__Activity__: The expected output is the set of lines below beginning at the one that contains "TupTam Schlafanzug Kinder" and ending at the final line, reproduced exactly.

[Data items]
☆ ☆ ☆ ☆ ☆

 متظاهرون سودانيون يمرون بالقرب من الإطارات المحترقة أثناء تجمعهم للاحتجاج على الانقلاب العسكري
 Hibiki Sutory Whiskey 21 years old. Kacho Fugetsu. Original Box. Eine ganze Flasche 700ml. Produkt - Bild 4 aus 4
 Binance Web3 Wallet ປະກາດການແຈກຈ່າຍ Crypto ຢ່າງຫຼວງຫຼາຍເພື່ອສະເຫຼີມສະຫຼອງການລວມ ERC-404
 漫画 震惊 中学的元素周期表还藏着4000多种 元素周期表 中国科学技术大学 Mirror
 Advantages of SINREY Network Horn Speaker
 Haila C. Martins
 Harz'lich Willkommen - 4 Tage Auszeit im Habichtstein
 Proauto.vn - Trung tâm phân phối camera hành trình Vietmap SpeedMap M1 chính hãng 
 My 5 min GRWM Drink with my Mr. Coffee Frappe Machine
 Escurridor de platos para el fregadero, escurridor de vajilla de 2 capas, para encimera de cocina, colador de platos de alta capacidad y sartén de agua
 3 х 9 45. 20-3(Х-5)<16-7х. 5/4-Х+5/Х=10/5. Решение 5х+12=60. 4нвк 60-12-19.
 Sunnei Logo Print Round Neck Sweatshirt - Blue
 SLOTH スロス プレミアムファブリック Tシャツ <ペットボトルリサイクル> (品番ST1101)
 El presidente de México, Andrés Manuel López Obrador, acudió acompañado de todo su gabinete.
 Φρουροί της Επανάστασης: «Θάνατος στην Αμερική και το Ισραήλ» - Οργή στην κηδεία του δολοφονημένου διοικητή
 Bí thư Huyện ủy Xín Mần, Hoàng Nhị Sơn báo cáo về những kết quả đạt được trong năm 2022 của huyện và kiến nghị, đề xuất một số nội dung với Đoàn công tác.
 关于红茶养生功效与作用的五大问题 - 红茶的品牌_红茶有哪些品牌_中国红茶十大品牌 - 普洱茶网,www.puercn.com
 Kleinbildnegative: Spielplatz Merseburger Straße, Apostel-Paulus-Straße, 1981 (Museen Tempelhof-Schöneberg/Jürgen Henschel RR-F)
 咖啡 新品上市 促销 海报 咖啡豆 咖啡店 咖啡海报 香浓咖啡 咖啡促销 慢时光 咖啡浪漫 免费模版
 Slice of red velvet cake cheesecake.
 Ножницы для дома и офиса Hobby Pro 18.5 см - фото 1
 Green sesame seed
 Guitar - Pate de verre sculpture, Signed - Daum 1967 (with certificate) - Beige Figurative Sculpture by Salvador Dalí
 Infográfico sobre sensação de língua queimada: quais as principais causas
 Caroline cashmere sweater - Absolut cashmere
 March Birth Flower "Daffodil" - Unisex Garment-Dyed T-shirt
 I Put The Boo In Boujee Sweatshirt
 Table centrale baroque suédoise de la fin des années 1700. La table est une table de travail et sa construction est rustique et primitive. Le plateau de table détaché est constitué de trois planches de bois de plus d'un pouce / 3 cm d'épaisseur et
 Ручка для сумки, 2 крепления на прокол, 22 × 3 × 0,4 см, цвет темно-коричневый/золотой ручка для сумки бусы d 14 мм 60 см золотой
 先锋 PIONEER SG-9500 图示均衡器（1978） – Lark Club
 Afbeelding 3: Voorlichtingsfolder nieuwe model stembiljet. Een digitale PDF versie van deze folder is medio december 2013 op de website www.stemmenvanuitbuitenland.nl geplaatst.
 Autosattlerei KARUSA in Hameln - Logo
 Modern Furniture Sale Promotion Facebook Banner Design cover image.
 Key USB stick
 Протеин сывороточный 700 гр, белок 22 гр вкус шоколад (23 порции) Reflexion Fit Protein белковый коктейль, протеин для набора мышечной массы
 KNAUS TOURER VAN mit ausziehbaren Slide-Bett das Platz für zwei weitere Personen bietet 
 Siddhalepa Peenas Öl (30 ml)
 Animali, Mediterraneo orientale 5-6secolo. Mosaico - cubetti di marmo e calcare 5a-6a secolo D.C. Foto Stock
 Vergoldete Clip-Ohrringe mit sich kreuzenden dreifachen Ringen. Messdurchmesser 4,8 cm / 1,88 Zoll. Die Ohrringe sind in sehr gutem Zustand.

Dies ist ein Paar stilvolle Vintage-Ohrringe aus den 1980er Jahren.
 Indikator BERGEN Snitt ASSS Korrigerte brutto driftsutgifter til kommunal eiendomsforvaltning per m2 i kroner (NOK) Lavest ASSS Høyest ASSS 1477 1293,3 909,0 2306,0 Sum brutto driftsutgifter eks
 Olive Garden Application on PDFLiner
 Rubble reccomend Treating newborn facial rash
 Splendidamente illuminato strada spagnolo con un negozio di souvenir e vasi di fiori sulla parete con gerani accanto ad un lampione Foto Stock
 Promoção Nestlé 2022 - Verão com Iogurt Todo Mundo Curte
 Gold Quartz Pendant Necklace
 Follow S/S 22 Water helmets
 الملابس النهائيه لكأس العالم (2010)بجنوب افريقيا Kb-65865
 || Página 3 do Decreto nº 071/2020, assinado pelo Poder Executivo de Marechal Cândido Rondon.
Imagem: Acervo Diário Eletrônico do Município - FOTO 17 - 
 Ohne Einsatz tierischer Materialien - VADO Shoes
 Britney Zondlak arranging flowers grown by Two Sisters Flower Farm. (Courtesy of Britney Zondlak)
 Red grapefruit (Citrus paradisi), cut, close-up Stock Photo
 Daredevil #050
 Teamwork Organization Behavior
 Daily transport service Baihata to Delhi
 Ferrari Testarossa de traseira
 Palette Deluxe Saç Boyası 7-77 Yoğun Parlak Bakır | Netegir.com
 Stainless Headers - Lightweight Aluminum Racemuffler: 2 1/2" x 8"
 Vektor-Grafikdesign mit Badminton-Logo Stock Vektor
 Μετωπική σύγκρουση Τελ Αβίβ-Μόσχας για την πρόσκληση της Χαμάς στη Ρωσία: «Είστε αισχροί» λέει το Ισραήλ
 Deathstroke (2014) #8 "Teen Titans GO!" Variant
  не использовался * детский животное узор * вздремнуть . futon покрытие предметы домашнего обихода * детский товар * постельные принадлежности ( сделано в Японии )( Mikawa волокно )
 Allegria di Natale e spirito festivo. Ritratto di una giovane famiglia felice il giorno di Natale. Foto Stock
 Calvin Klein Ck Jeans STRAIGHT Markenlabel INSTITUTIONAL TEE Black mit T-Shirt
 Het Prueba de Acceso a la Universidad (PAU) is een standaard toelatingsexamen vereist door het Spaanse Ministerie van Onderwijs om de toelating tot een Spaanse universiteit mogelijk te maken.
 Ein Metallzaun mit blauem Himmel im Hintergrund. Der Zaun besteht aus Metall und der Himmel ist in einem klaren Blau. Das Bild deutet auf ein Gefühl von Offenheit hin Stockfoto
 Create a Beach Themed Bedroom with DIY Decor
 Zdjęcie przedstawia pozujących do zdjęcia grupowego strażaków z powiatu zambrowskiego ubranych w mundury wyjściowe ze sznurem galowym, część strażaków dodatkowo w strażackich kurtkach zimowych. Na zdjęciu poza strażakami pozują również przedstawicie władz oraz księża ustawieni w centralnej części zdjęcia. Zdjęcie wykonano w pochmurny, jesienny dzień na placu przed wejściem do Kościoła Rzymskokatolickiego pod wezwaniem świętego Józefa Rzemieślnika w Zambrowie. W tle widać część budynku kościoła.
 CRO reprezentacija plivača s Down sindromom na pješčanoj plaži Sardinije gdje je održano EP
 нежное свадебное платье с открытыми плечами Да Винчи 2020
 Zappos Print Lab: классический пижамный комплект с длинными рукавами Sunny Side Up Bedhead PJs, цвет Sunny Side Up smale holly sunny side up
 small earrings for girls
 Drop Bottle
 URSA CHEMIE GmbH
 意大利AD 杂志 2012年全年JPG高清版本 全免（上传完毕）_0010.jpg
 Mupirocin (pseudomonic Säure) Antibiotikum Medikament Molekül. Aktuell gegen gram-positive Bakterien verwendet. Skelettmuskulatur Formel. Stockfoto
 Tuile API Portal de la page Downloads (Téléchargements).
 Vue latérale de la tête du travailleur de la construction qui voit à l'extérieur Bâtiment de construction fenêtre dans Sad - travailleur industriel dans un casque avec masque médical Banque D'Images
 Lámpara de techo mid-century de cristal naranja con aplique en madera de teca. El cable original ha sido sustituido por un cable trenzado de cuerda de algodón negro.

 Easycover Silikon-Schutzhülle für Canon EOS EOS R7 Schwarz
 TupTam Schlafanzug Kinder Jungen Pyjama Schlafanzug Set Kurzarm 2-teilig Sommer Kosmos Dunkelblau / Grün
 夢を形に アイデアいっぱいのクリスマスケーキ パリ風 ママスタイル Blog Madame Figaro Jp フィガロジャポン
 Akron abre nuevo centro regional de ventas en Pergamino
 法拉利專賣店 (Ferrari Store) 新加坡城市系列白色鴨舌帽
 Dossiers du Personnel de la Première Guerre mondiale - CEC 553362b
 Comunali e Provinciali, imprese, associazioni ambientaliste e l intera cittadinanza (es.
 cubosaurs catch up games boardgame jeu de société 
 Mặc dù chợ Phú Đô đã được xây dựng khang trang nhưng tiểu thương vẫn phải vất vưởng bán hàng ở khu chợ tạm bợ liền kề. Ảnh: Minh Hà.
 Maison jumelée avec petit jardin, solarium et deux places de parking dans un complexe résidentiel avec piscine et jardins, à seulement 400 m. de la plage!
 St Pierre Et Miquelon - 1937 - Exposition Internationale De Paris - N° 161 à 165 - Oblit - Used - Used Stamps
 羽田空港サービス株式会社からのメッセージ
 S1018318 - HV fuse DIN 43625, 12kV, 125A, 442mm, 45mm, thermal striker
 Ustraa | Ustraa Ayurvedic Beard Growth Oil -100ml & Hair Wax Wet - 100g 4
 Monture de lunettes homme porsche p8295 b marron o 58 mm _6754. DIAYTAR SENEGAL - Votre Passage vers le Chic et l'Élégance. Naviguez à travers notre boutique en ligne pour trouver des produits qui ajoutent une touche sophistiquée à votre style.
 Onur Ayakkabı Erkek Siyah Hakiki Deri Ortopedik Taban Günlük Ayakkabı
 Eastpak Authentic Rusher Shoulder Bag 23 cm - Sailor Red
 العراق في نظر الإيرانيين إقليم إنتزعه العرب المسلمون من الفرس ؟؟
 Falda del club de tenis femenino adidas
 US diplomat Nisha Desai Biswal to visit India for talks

☆ ☆ ☆ ☆ ☆

__Response box__:
 TupTam Schlafanzug Kinder Jungen Pyjama Schlafanzug Set Kurzarm 2-teilig Sommer Kosmos Dunkelblau / Grün
 夢を形に アイデアいっぱいのクリスマスケーキ パリ風 ママスタイル Blog Madame Figaro Jp フィガロジャポン
 Akron abre nuevo centro regional de ventas en Pergamino
 法拉利專賣店 (Ferrari Store) 新加坡城市系列白色鴨舌帽
 Dossiers du Personnel de la Première Guerre mondiale - CEC 553362b
 Comunali e Provinciali, imprese, associazioni ambientaliste e l intera cittadinanza (es.
 cubosaurs catch up games boardgame jeu de société 
 Mặc dù chợ Phú Đô đã được xây dựng khang trang nhưng tiểu thương vẫn phải vất vưởng bán hàng ở khu chợ tạm bợ liền kề. Ảnh: Minh Hà.
 Maison jumelée avec petit jardin, solarium et deux places de parking dans un complexe résidentiel avec piscine et jardins, à seulement 400 m. de la plage!
 St Pierre Et Miquelon - 1937 - Exposition Internationale De Paris - N° 161 à 165 - Oblit - Used - Used Stamps
 羽田空港サービス株式会社からのメッセージ
 S1018318 - HV fuse DIN 43625, 12kV, 125A, 442mm, 45mm, thermal striker
 Ustraa | Ustraa Ayurvedic Beard Growth Oil -100ml & Hair Wax Wet - 100g 4
 Monture de lunettes homme porsche p8295 b marron o 58 mm _6754. DIAYTAR SENEGAL - Votre Passage vers le Chic et l'Élégance. Naviguez à travers notre boutique en ligne pour trouver des produits qui ajoutent une touche sophistiquée à votre style.
 Onur Ayakkabı Erkek Siyah Hakiki Deri Ortopedik Taban Günlük Ayakkabı
 Eastpak Authentic Rusher Shoulder Bag 23 cm - Sailor Red
 العراق في نظر الإيرانيين إقليم إنتزعه العرب المسلمون من الفرس ؟؟
 Falda del club de tenis femenino adidas
 US diplomat Nisha Desai Biswal to visit India for talks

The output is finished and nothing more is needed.